Toys and Leadership?

Today in the NEI 3D Leadership Cohort session, we were asked to select a toy and explain ways it could be a leadership tool.  I selected two – a kaleidoscope and a Chinese finger trap.  I was excited to answer this question since I have always been a kid at heart!  After all, toys have always been a part of my life:  My kids played with toys.  I used to work in Children’s Ministry, then I worked as a preschool teacher.  My husband sells vintage and current toys and one of my favorite movies is Toy Story!  – so, this was “right up my alley!”

When I looked into the kaleidoscope at an object, I could see that the one image turned into many objects – showing a whole new perspective of the image with many facets.  When I turned the kaleidoscope around and looked through it at the opposite end, I could only see one image.  As I apply this to leadership I realized, as leaders, we should learn to see the things from a wider perspective – or different angles.  We can all have the same goal or the same focus, but we need to be able to view ideas, opinions and suggestions from the perspectives of others, and ultimately, work together as a team…which leads me to the other toy I selected – the Chinese finger trap.

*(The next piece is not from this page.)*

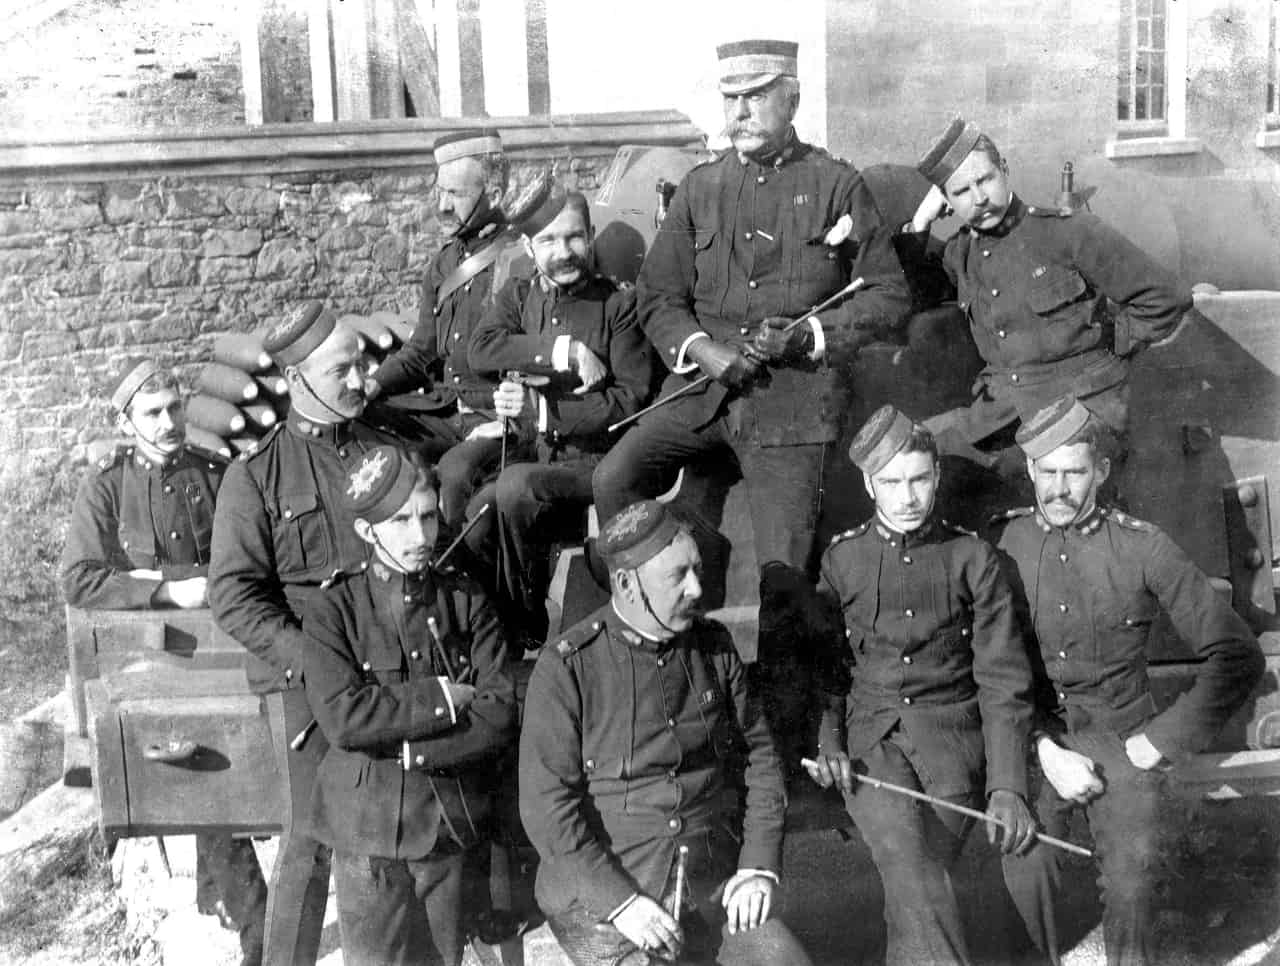 Officers-RCA-Citadel-_-Quebec-cica-1890_s-Shilo-Stag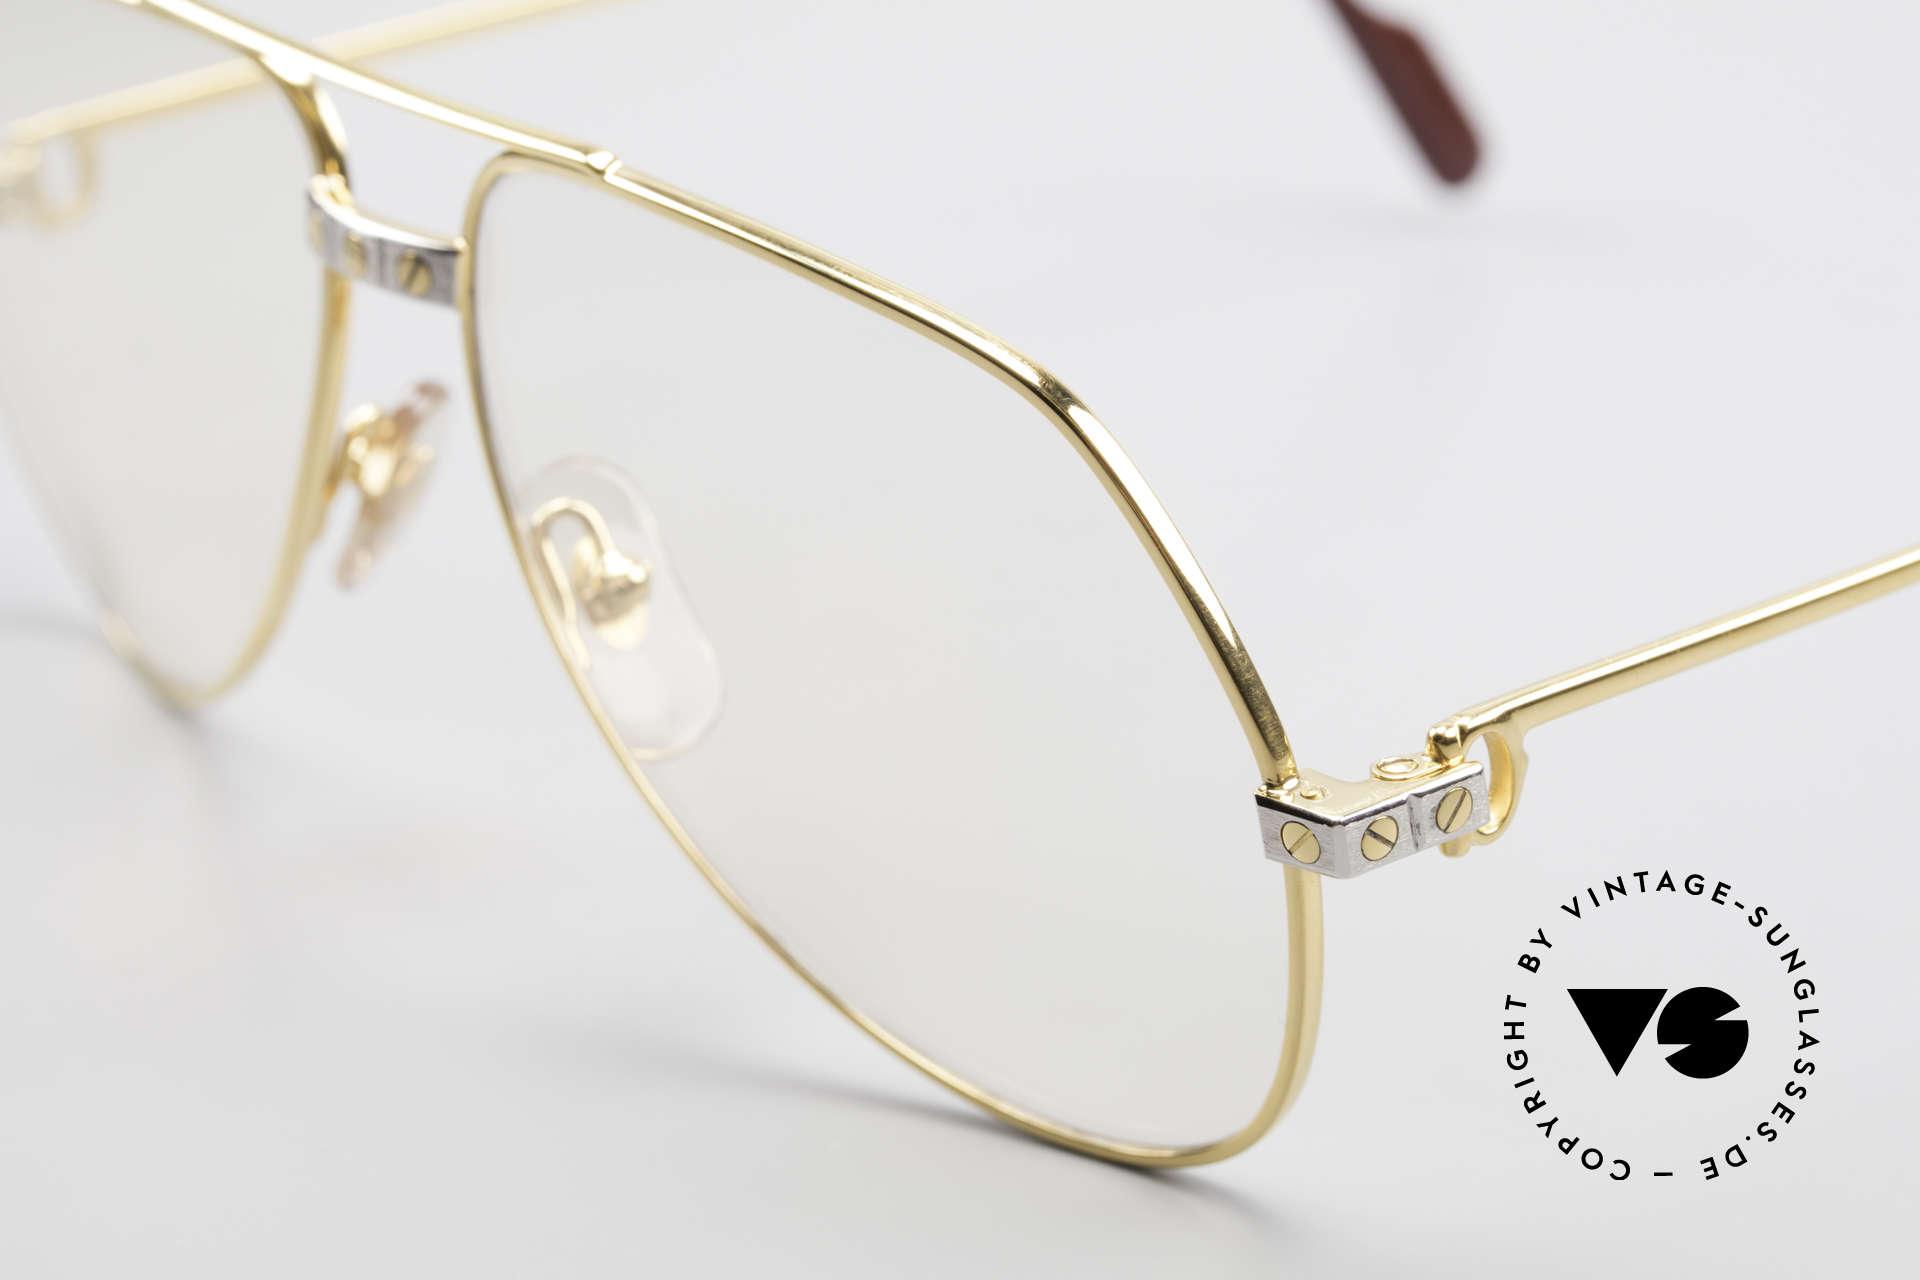 Cartier Vendome Santos - M Automatik Cartier Gläser, teure Mineralgläser verdunkeln bei Sonne automatisch!, Passend für Herren

Looking at the Chinese finger trap – a simple little toy that traps the victim’s fingers in both ends of a small cylinder woven from bamboo. If you place your fingers in each end and pull outward, this only tightens the grip of the trap.  Push your fingers together, it loosens up. The pieces of bamboo seem to be very fragile, and if it was only one piece, it would probably break.  This little device is actually many pieces of bamboo woven together, which makes it very strong as one small unit.  This reminds me of leadership. Working together as a team, makes us a stronger, tighter unit.  We can accomplish more together than we can alone.  Good leaders are aware of this, and they value the input of the other team members. Sometimes, though, we need to tighten up as a team, and sometimes we are so rigid we need to loosen up!  Either way, leaders work as a team!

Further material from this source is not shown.